# Dating your wine bottles...Suggestions anyone?



## tanyalc (Jan 8, 2013)

So I was looking at my wine rack the other day when I was adding my most recently bottled wine to it and realized that I need to create / use a dating system. So far, I haven't been making my own labels and I am not sure if I will start, but I do need a way to date my bottles so I drink the oldest first.

Suggestions?

I was thinking of some type of sticker I could stick to the top of the shrink but I am not sure.


----------



## Rocky (Jan 8, 2013)

Would something like this work? You could color code by year or write the year on the dot. http://stickemart.com/stickemartdots.aspx


----------



## robie (Jan 8, 2013)

One thing that helps is - in small print, print the date you made the wine on each bottle label.


----------



## tanyalc (Jan 8, 2013)

Rocky said:


> Would something like this work?

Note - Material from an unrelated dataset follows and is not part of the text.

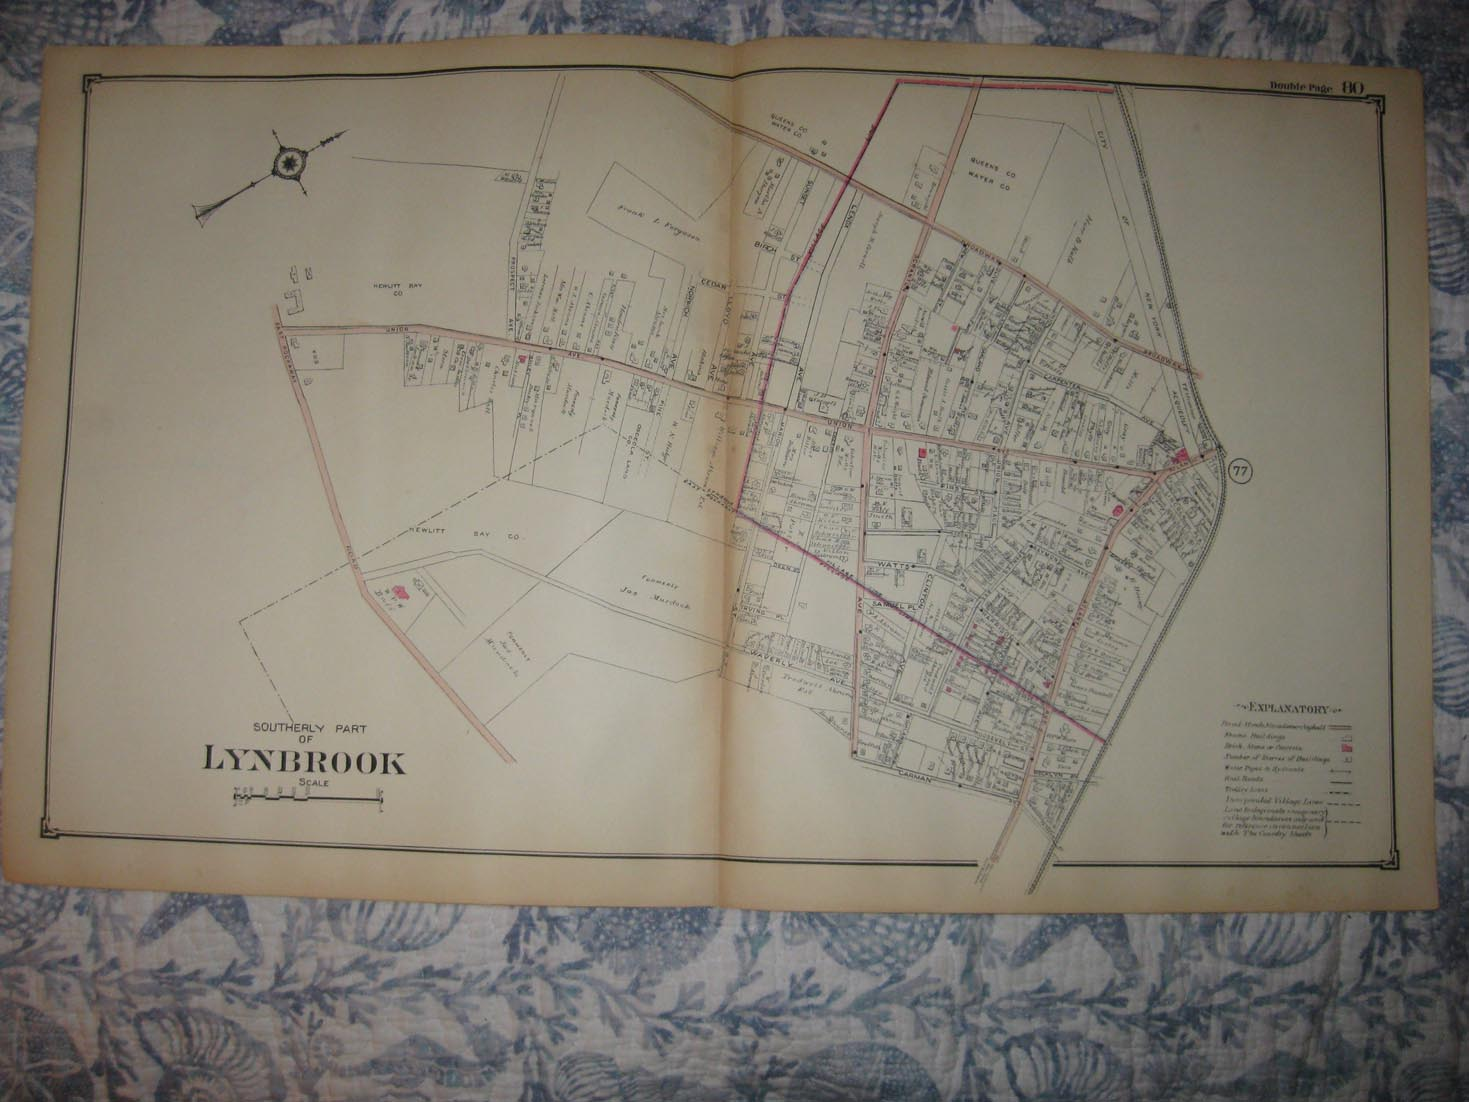 1804 NY MAP Lockport Peekskill Franklin Square New York History VERY BIG

You could color code by year or write the year on the dot. http://stickemart.com/stickemartdots.aspx



I would like something I could put month/ year on ... those stickers might work (along with a Sharpie)


----------



## tanyalc (Jan 8, 2013)

robie said:


> One thing that helps is - in small print, print the date you made the wine on each bottle label.



I would but then I would still have to pull the wine off the rack to see the label. I have a rack that I can stack 4 high / shelf, that is the reason I was thinking about on the shrink.


----------



## Arne (Jan 8, 2013)

Well, if you don't shrink wrap em right away, devise a code and use the sharpie to write on the cork. Like, S for strawberry then month and year. jun 01. I have put down when I bottled on the label, but for the last several batches I have been bulk aging so long that I have been using the born on date when I pitch the yeast. Arne.


----------



## Sammyk (Jan 8, 2013)

I have mine wine in a spread sheet. When I bottle I add the date bottled to the sheet. I mark off in pen on the printed sheet every time we remove the bottle so I know how many of what I have left. When I add to the sheet, I change the numbers and add any additions or subtractions.
I have 2 sections - one made but not bottled and one bottled. When I bottle I make another row under the heading bottled. 

I can see at a glance all the wines I have made and how many left.

To take it a step further I don't put labels on bottles because they are for our own use and some a shipped to family and I don't want a label on a shipped bottle. I use masking tape and add the variety and the date started.

I have 2 Sam's Club wine racks that hold 168 bottles each. I make a tag out of masking tape and put it on the shelf under the bottles by variety. I did not take me long to remember exactly where each variety and on which shelf it is placed. I also mark the last 4 bottles -which may have sediment on by a sharpie marker do on the cork.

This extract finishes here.